I have to correct the Internal diameter of 2 half round cast piece of aluminuim against the actual mandrel. Because after casting the pieces are open when cooling.i will use chain block to correct or tie the cast piece with the Mandrel. could you please help me to find out what will be force to apply to make it correct. is there any particular formula? eg: the required I.D is 180mm the cast pieces are now 187mm. so i have to round it with the mandrel which is 180mm dia and will use chain block to tighten it with force. just i wnat to know what is the force will be there to correct it.?
Are the cast pieces cylindrical, or spherical? What are the thicknesses?
Usually the cast pieces are a little oversized so that when they cool, they will fit.
What is the temperature of the cast pieces when the ID measured 187mm?
The force required to "squeeze" them from 187mm to 180mm ID will depend on the thickness of the pieces. The thicker they are, more force will be required.
Are you studying in mechanical engineering, or is it a real-life problem? It sounds to me that some data are missing.

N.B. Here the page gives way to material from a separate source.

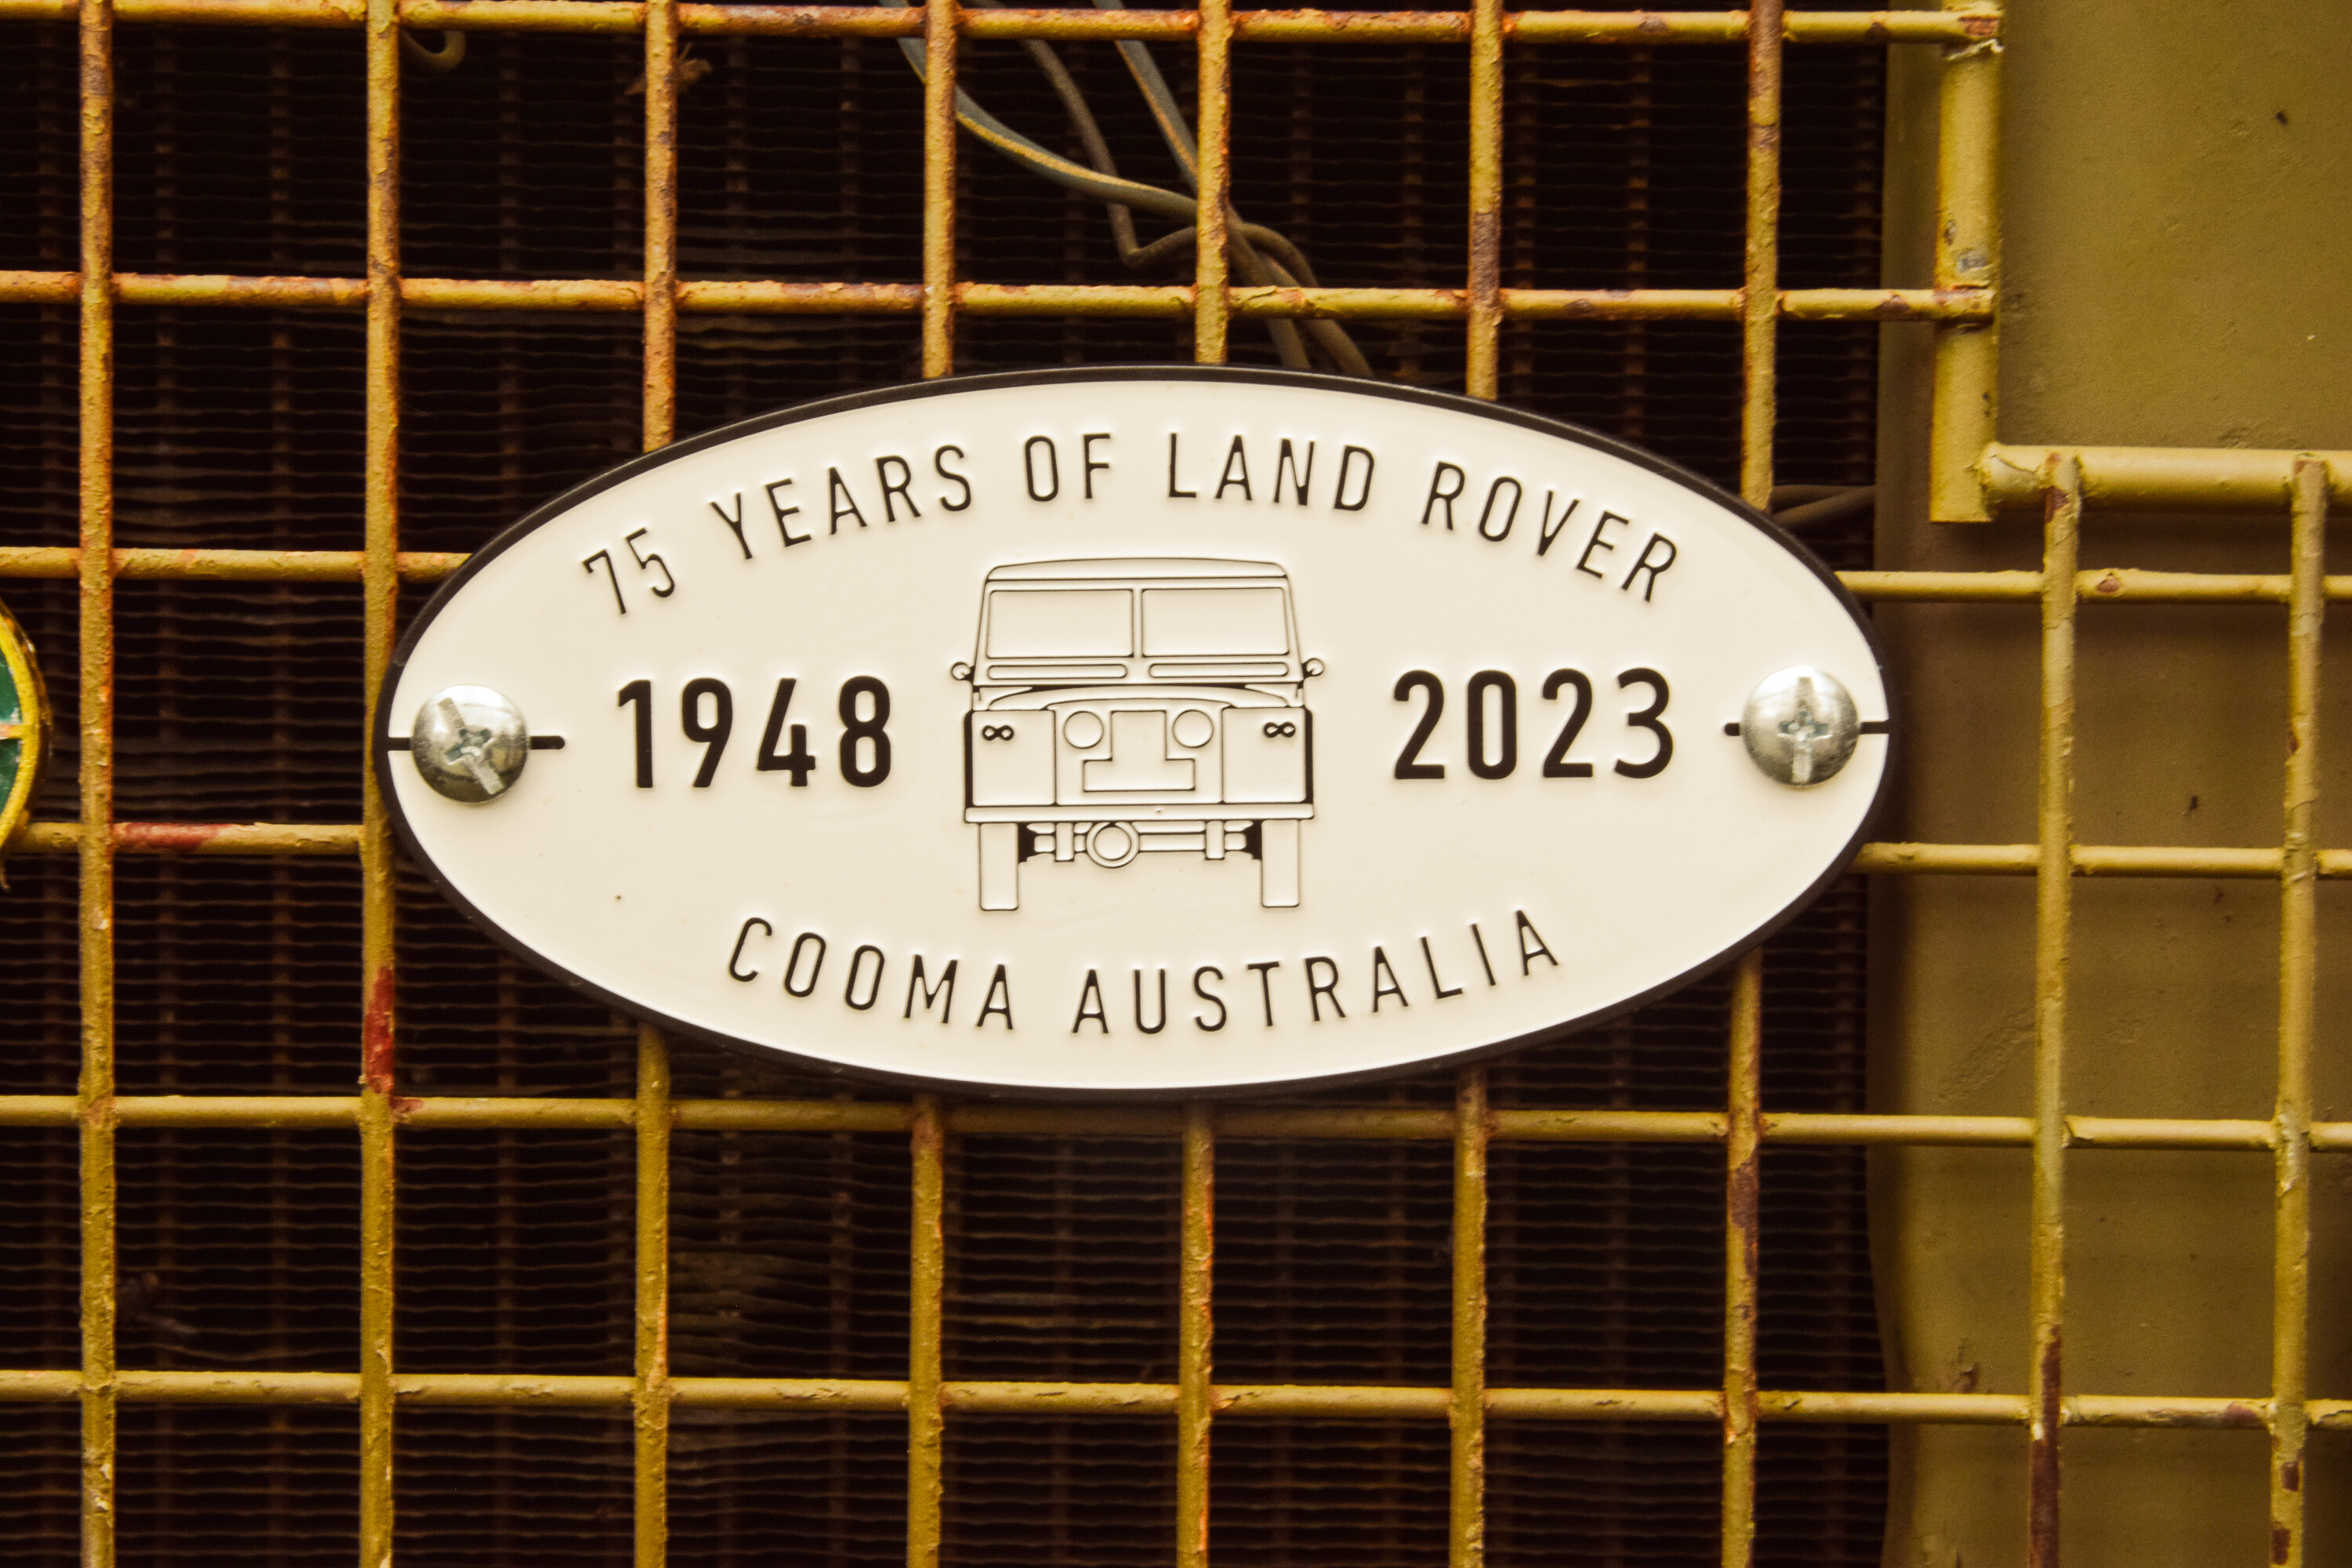 e357158d/land rover 75th anniversary cooma 15 jpg

Q: I have to correct the Internal diameter of 2 half round cast piece of aluminuim against the actual mandrel. Because after casting the pieces are open when cooling.i will use chain block to correct or tie the cast piece with the Mandrel. could you please help me to find out what will be force to apply to make it correct. is there any particular formula? eg: the required I.D is 180mm the cast pieces are now 187mm. so i have to round it with the mandrel which is 180mm dia and will use chain block to tighten it with force. just i wnat to know what is the force will be there to correct it.?
Answer received:-
Are the cast pieces cylindrical, or spherical? What are the thicknesses?

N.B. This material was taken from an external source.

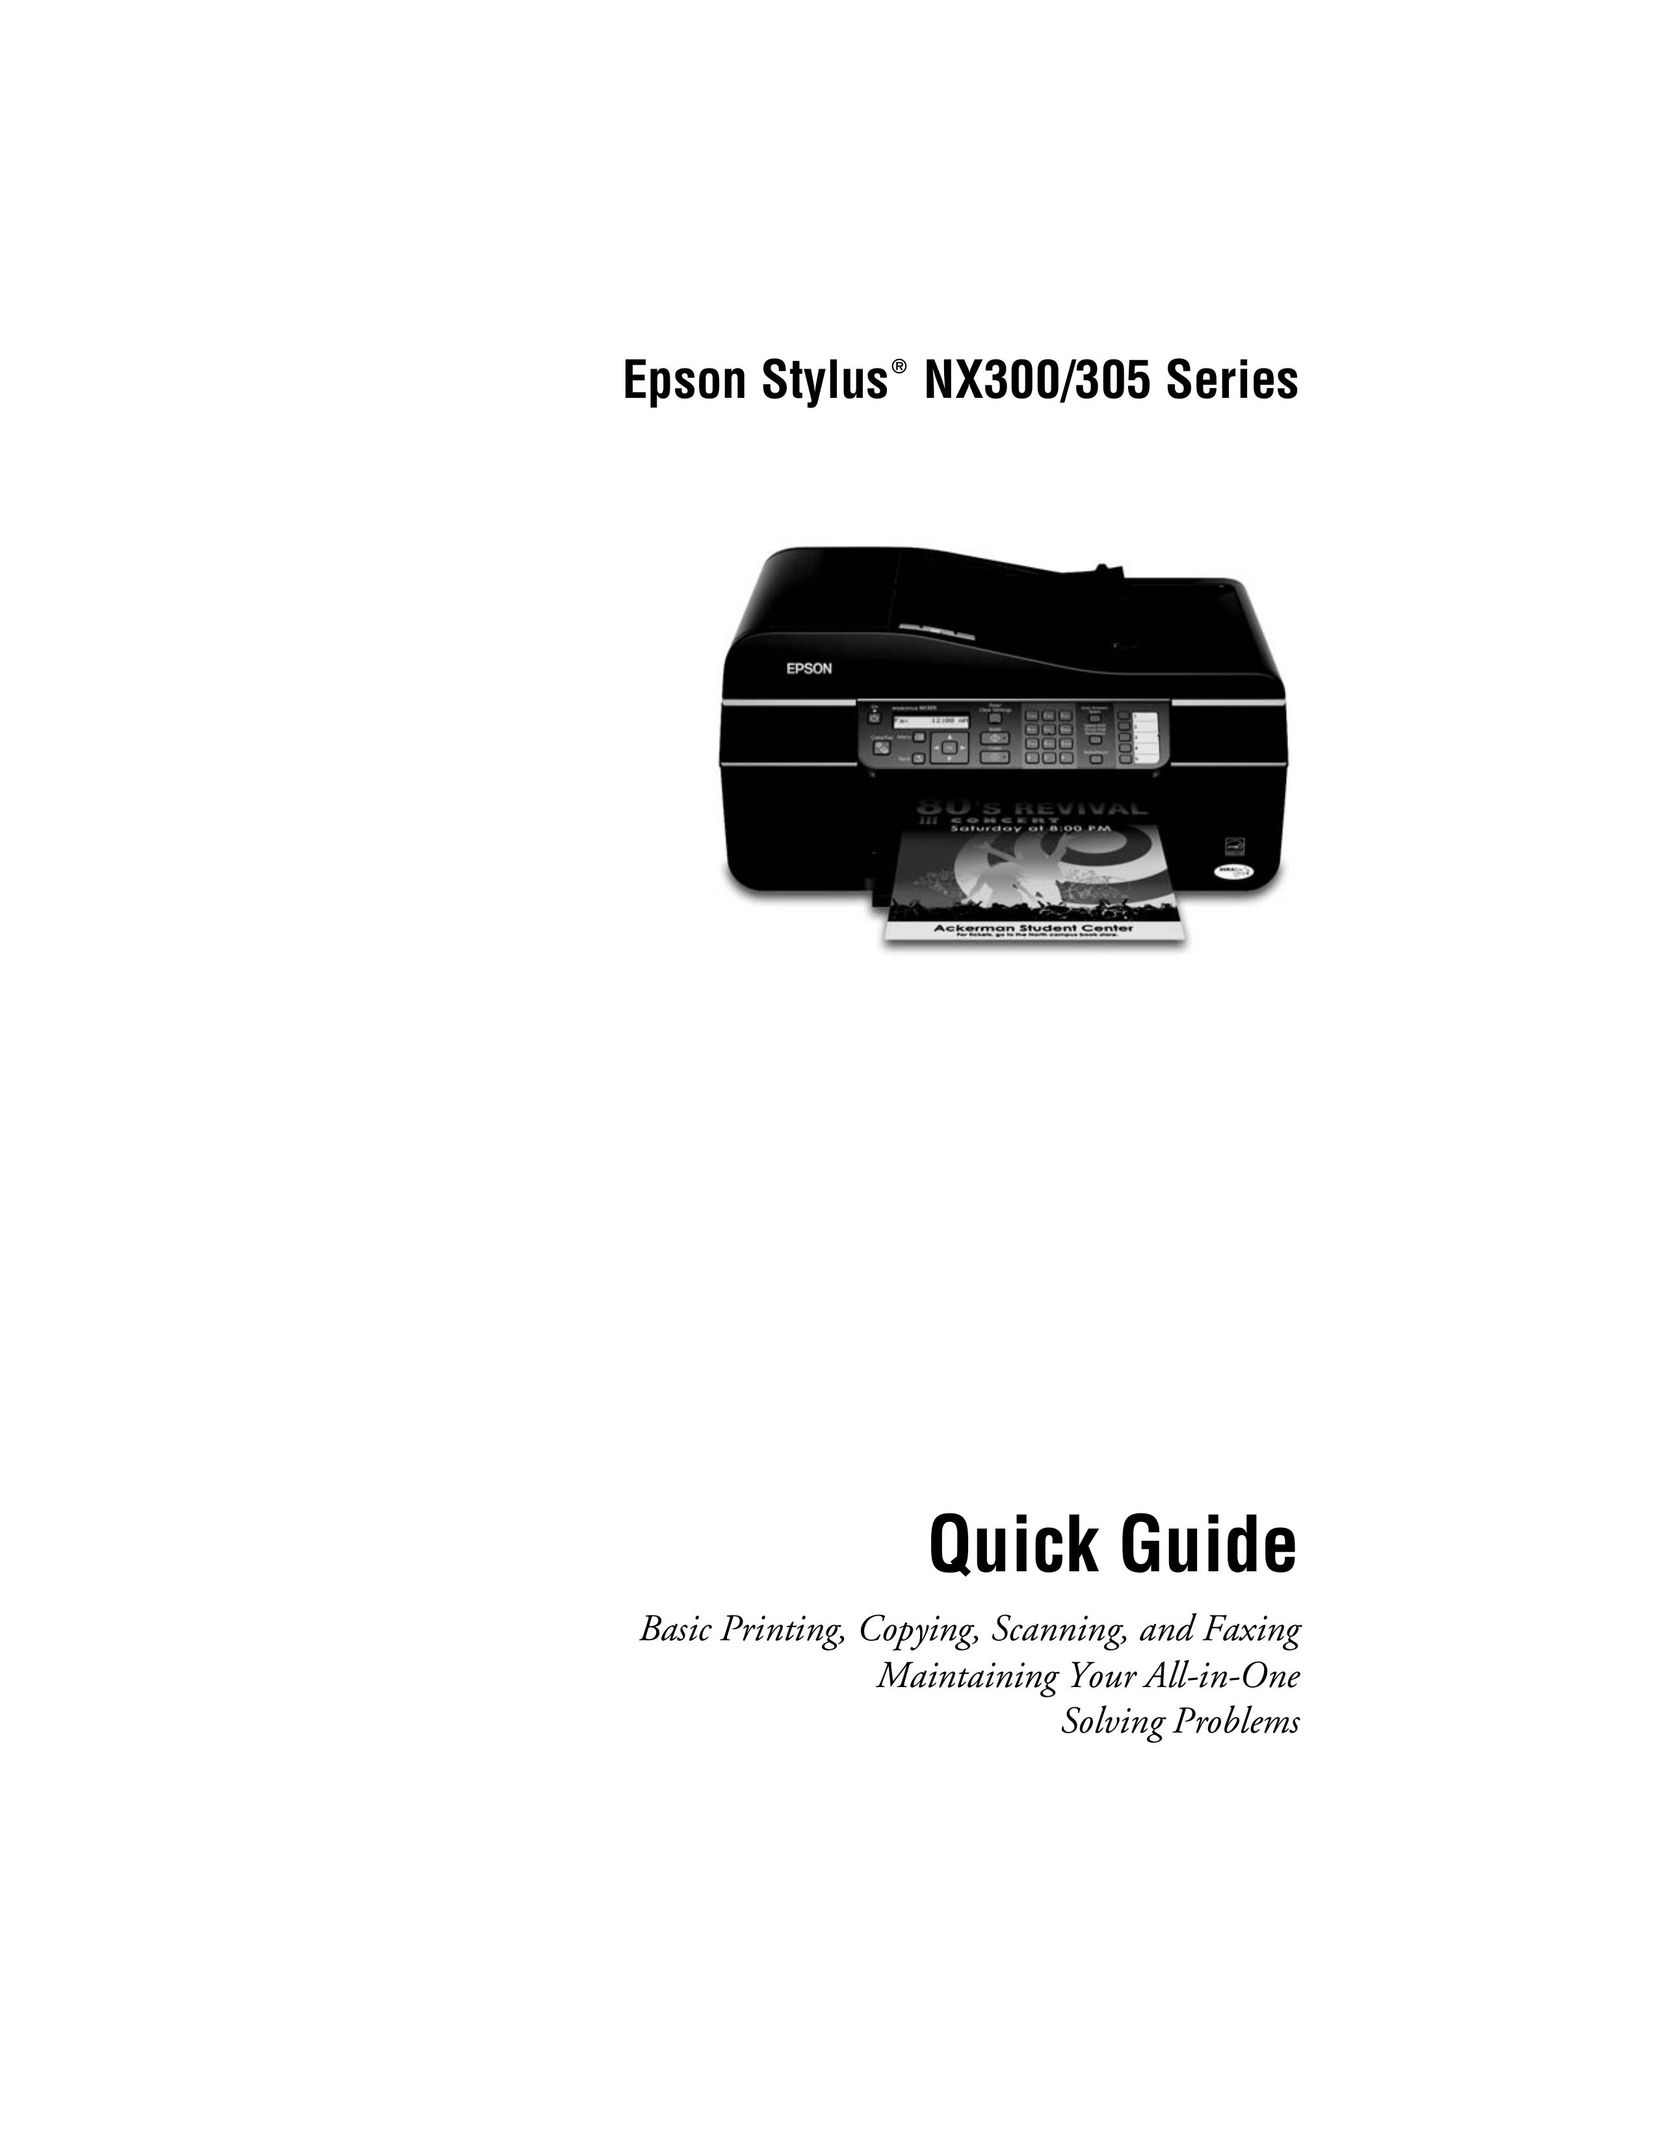 Garmin NX300 All in One Printer User Manual

Usually the cast pieces are a little oversized so that when they cool, they will fit.
What is the temperature of the cast pieces when the ID measured 187mm?
The force required to "squeeze" them from 187mm to 180mm ID will depend on the thickness of the pieces. The thicker they are, more force will be required.
Are you studying in mechanical engineering, or is it a real-life problem? It sounds to me that some data are missing.
Reply: thanks for the answer: more details as per your question. The thick ness of the cast piece is 50mm and the straight length is 400mm ; means the product dim is 400mm long x 50mm thk x 180mm i.d and 280mm O.D - in 2 halves. hope this data will satisfy to give more details to me against my question.
please assit me to solve the above said problem.
To determine the force required to correct the internal diameter of the cast piece, you need to consider the material properties of the aluminum and the desired amount of deformation.
One approach to calculate the force is by using the concept of stress and strain. The stress applied to a material is related to the force required to produce a certain deformation. In this case, the deformation is the difference between the actual diameter (187mm) and the desired diameter (180mm).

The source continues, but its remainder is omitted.